Todo presidente serve a dois senhores —o eleitor e o legislador
Ao analisar o presidencialismo bipartidário dos EUA, Richard Neustadt,
em livro seminal ("Presidential Power", 1960), observou que a
Constituição americana teria gerado um dilema: a criação de um "governo
de instituições separadas que compartilham poderes". Se esse dilema é
presente no bipartidarismo americano, no presidencialismo fragmentado
brasileiro tende a se exacerbar, pois raramente o presidente governa sem
aliados.
Embora os eleitores esperem que o presidente tenha condições de governar
e resolver unilateralmente os problemas do país, a Constituição de fato
nega tal capacidade. Pois, por terem bases locais de sobrevivência
política, legisladores nem sempre compartilham as preferências nacionais
do presidente.
Na sua sempre perspicaz coluna nesta Folha, o sociólogo Celso Rocha de Barros reagiu a interpretações feitas ao meu artigo do caderno "Ilustríssima" (29/10).

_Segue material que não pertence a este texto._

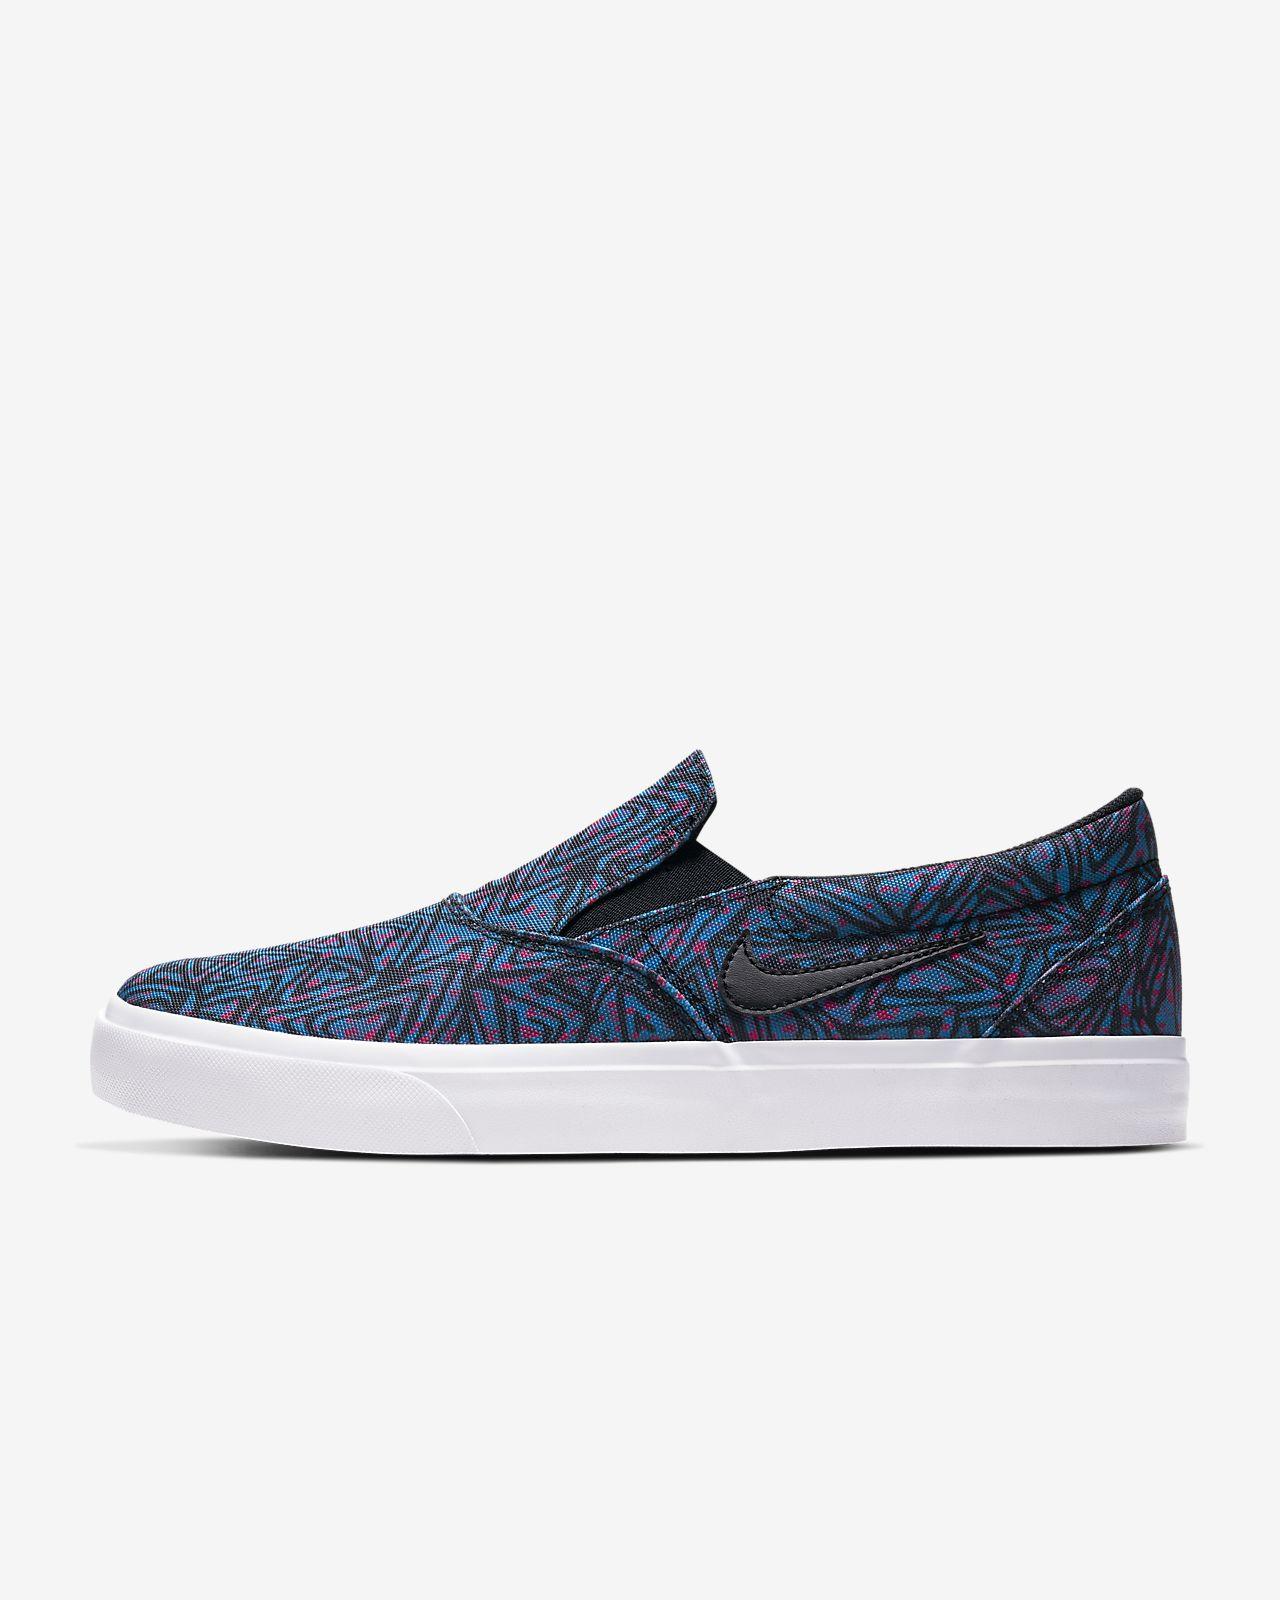 Nike SB Charge Slip Premium Skate Shoe

Argumenta Celso que se o governo Temer apresenta baixo custo de
governança, isso não se deve à gerência de coalizão, mas sim à exclusão
do próprio pilar eleitoral do presidencialismo. Para Celso,
diferentemente de FHC, Lula e Dilma, "por não ter sido eleito", Temer
prescinde de compromissos com os eleitores.

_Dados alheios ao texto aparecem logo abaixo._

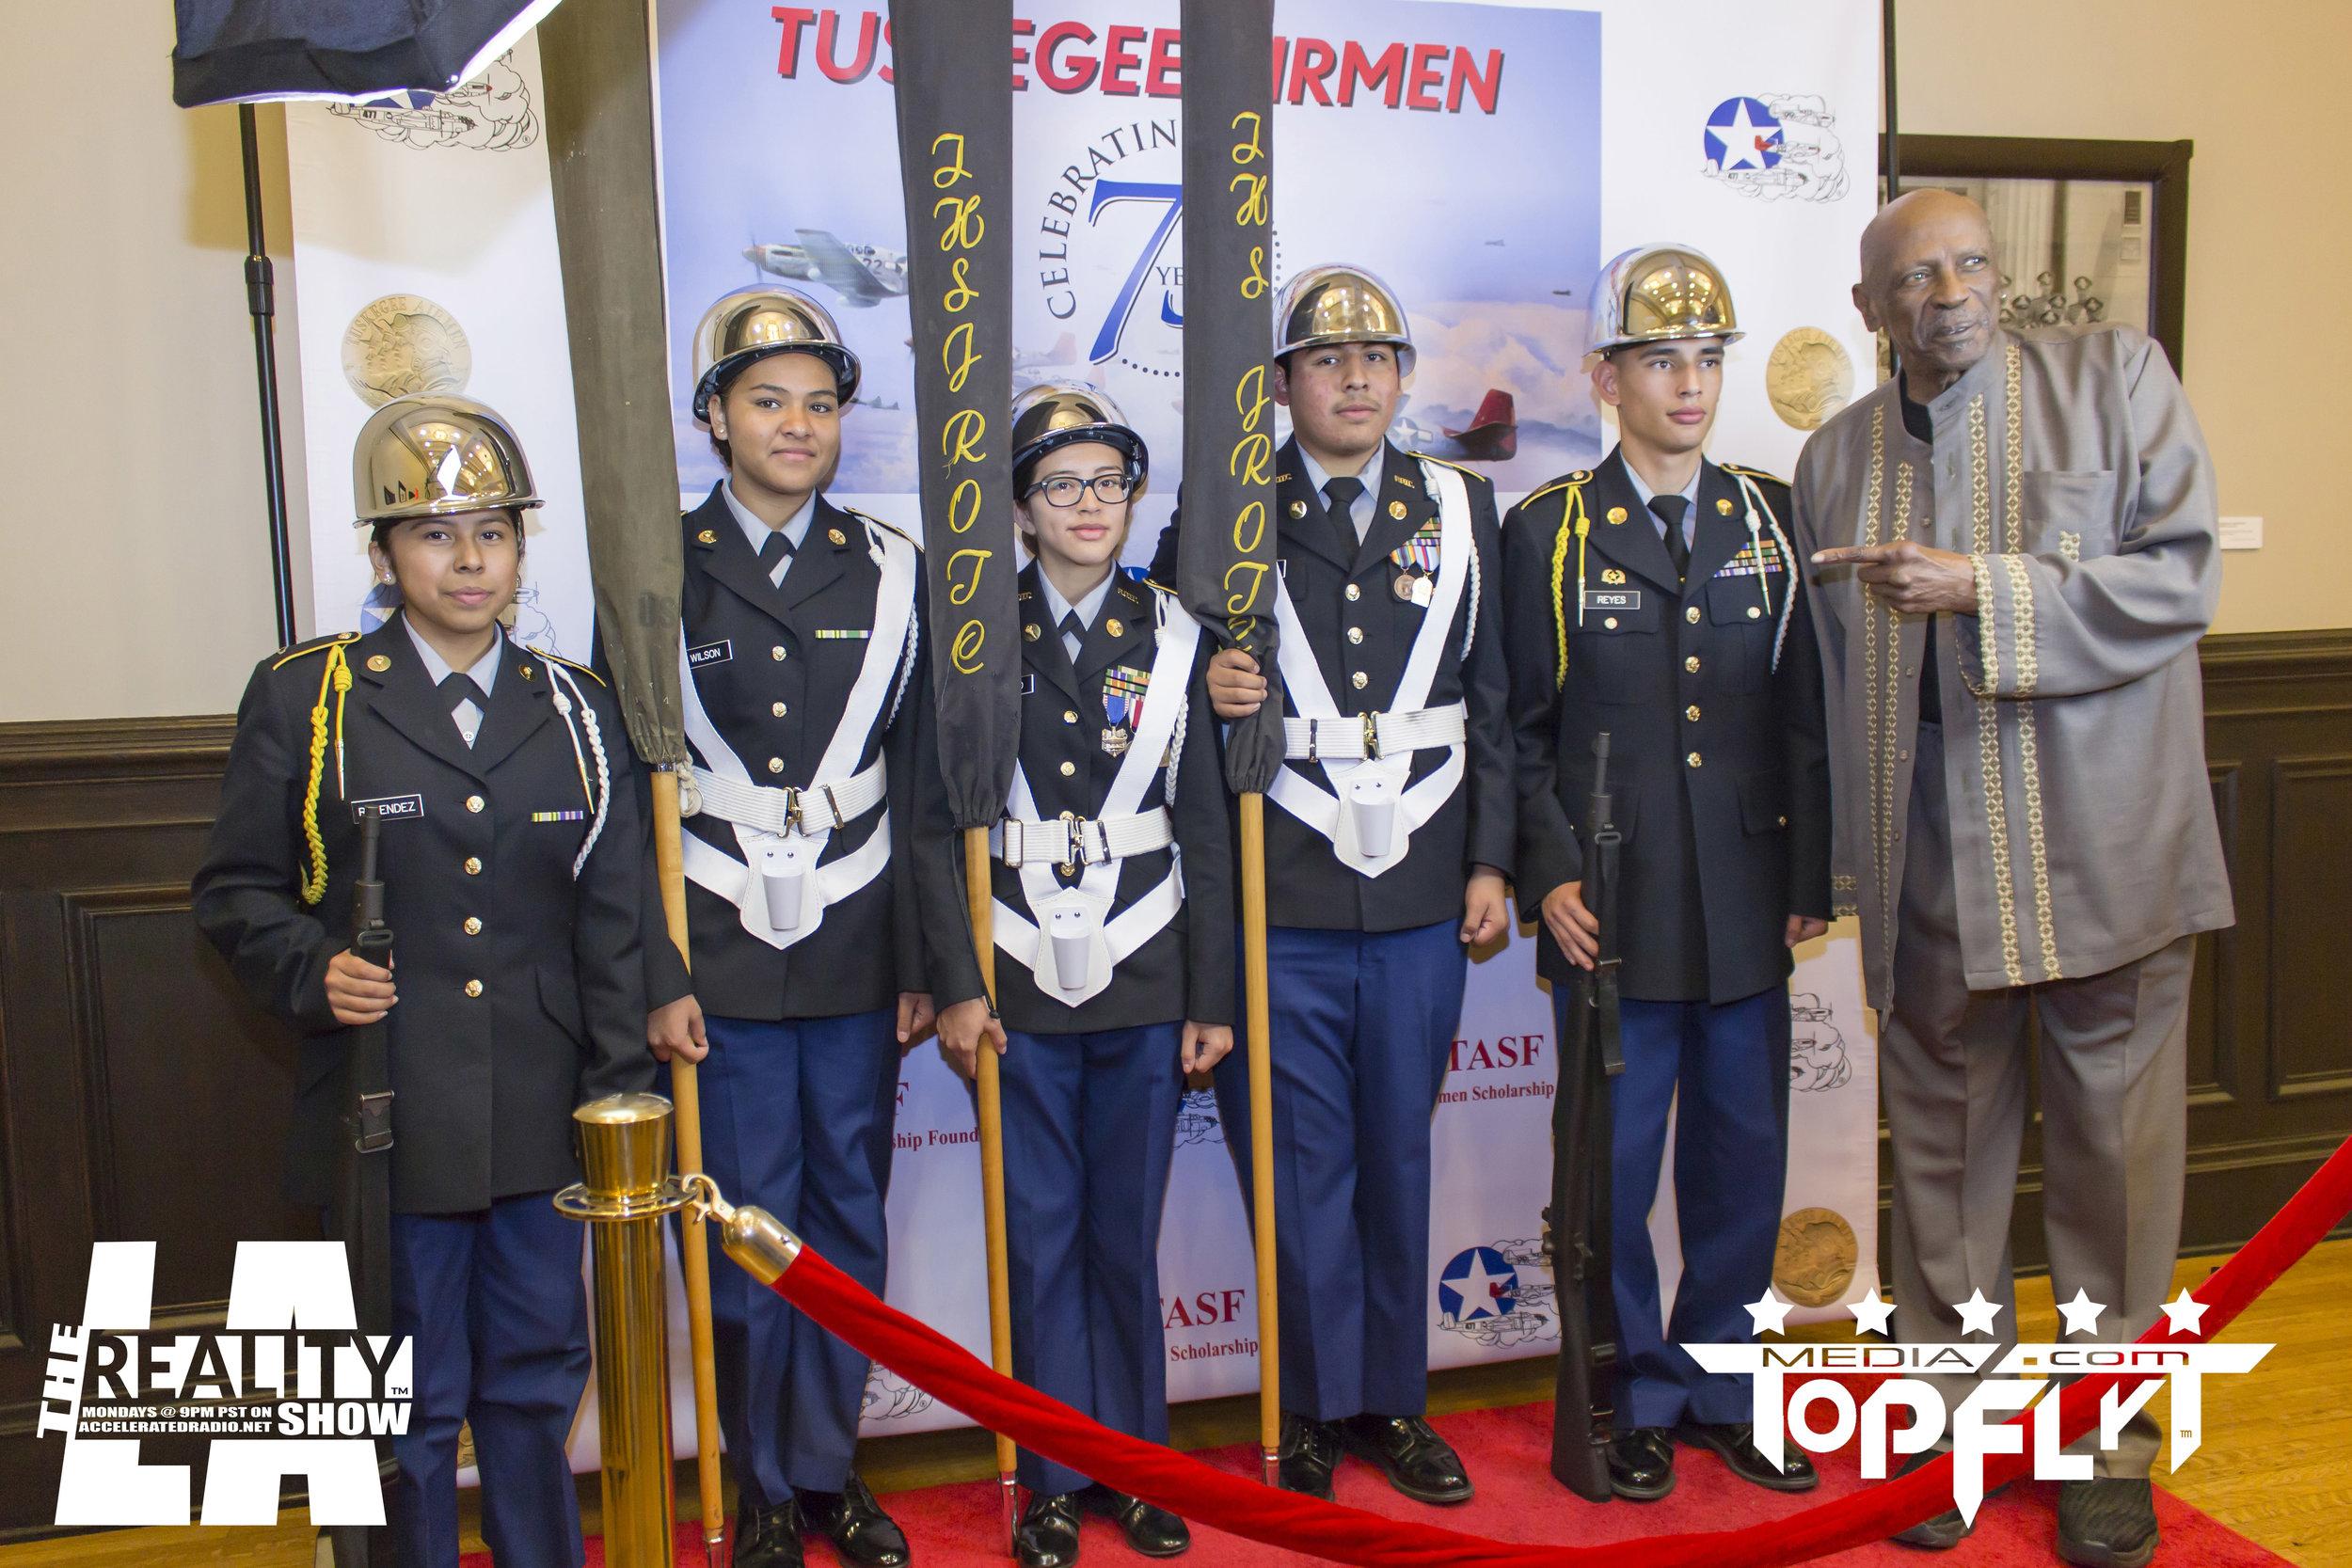 The Reality Show LA - Tuskegee Airmen 75th Anniversary VIP Reception_158.jpg

Arguto, Celso dá sentido à sua leitura, mas ao mesmo tempo me provoca
questionamentos: como explicaríamos diferenças na gestão de coalizões de
distintos presidentes?
Por exemplo, o que teria levado FHC, eleito e reeleito no primeiro
turno, a se comportar de forma tão análoga a Temer (supostamente sem o
"crivo das urnas") apresentando ambos resultados semelhantes de
performance legislativa com custo relativamente baixo de governança?
FHC e Temer foram capazes de gerenciar coalizões ideologicamente
homogêneas e compartilhar poderes com parceiros, mirando a preferência
mediana do Congresso.
No caso de FHC, isso se deu independentemente de dúvidas sobre sua legitimidade eleitoral.

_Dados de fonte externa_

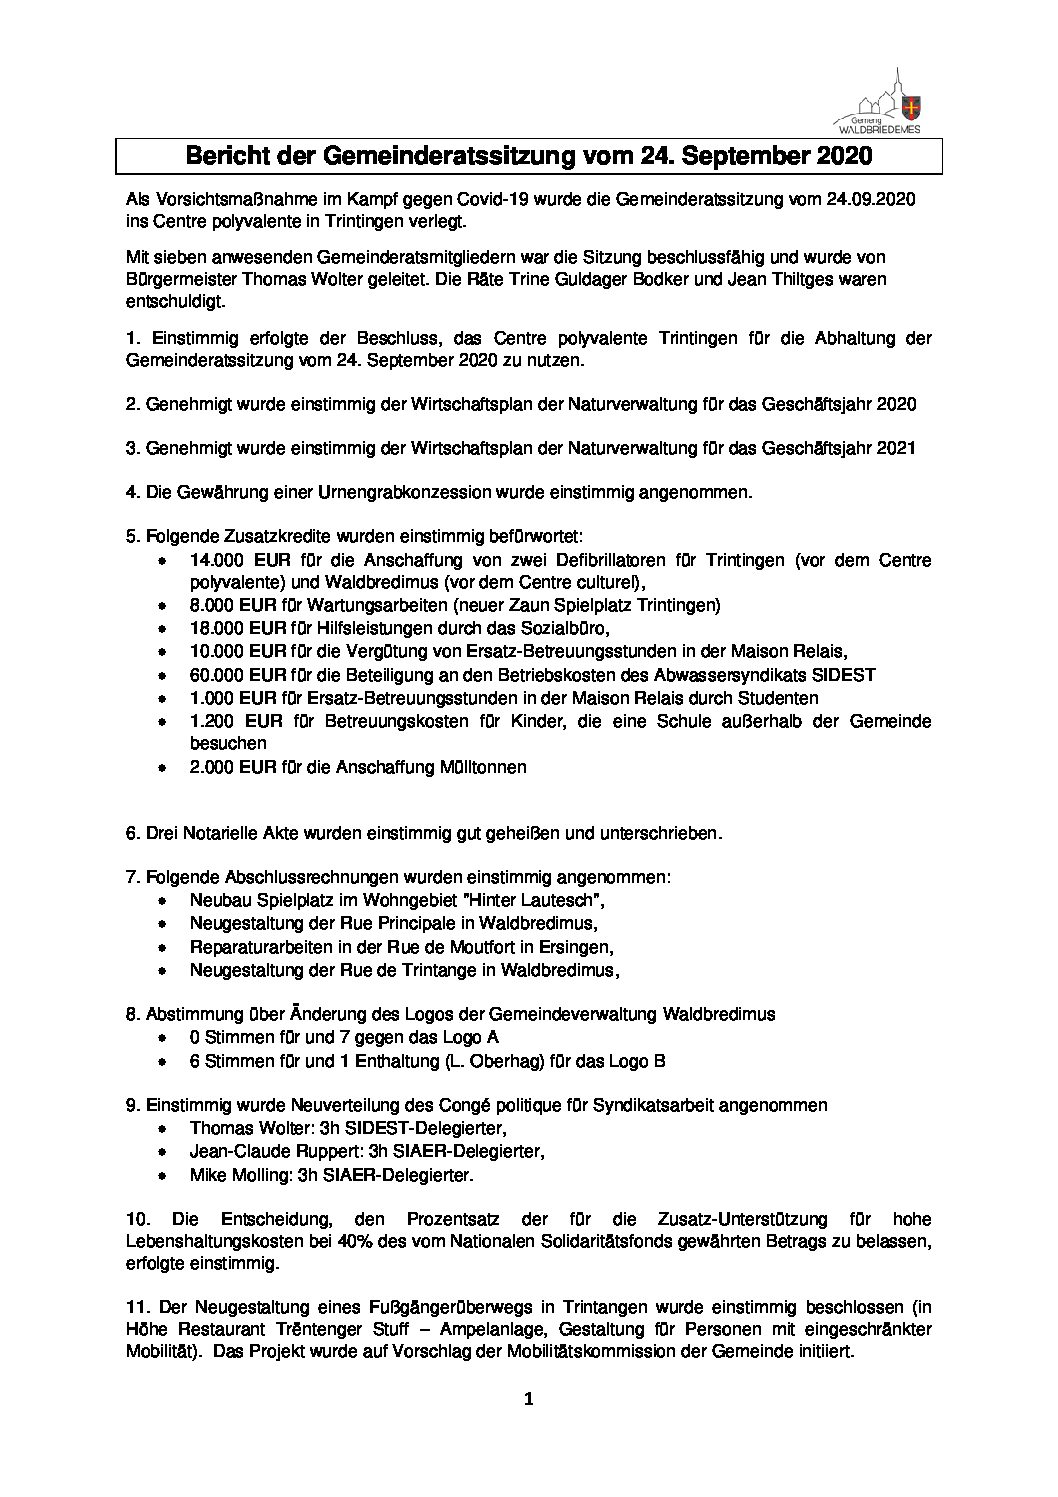 240920 DE Gemeinderatsbericht

Portanto, o modo de se relacionar com parceiros e a performance
legislativa do presidente não estariam relacionadas a constrangimentos
eleitorais.
Caso interessante também é o dos governos petistas. Os governos de Lula e
o primeiro de Dilma concentraram poder no próprio PT, montando
coalizões heterogêneas e distantes das preferências do Congresso.
Ao privilegiar uma relação direta com o eleitor, negligenciando os
parceiros em coalizão, teriam sido os governos petistas mais fiéis ao
eleitor?
Medidas como o uso de bancos públicos para reduzir o spread bancário,
controle de preços ou desonerações tributárias que favoreceram setores
empresariais específicos, por exemplo, foram respostas a compromissos
com os eleitores pobres?
O presidencialismo não deve ser enxergado como um atalho para se
contornar as potenciais discrepâncias de preferências entre o presidente
(o suposto representante direto da sociedade) e o Congresso.
Afinal, não é porque uma relação tem natureza conflituosa que ela deve ser evitada a qualquer preço.
Presidentes necessariamente devem servir a dois senhores: o eleitor e o
legislador —pois seja Deus ou o diabo, é sempre o eleitor quem escolhe.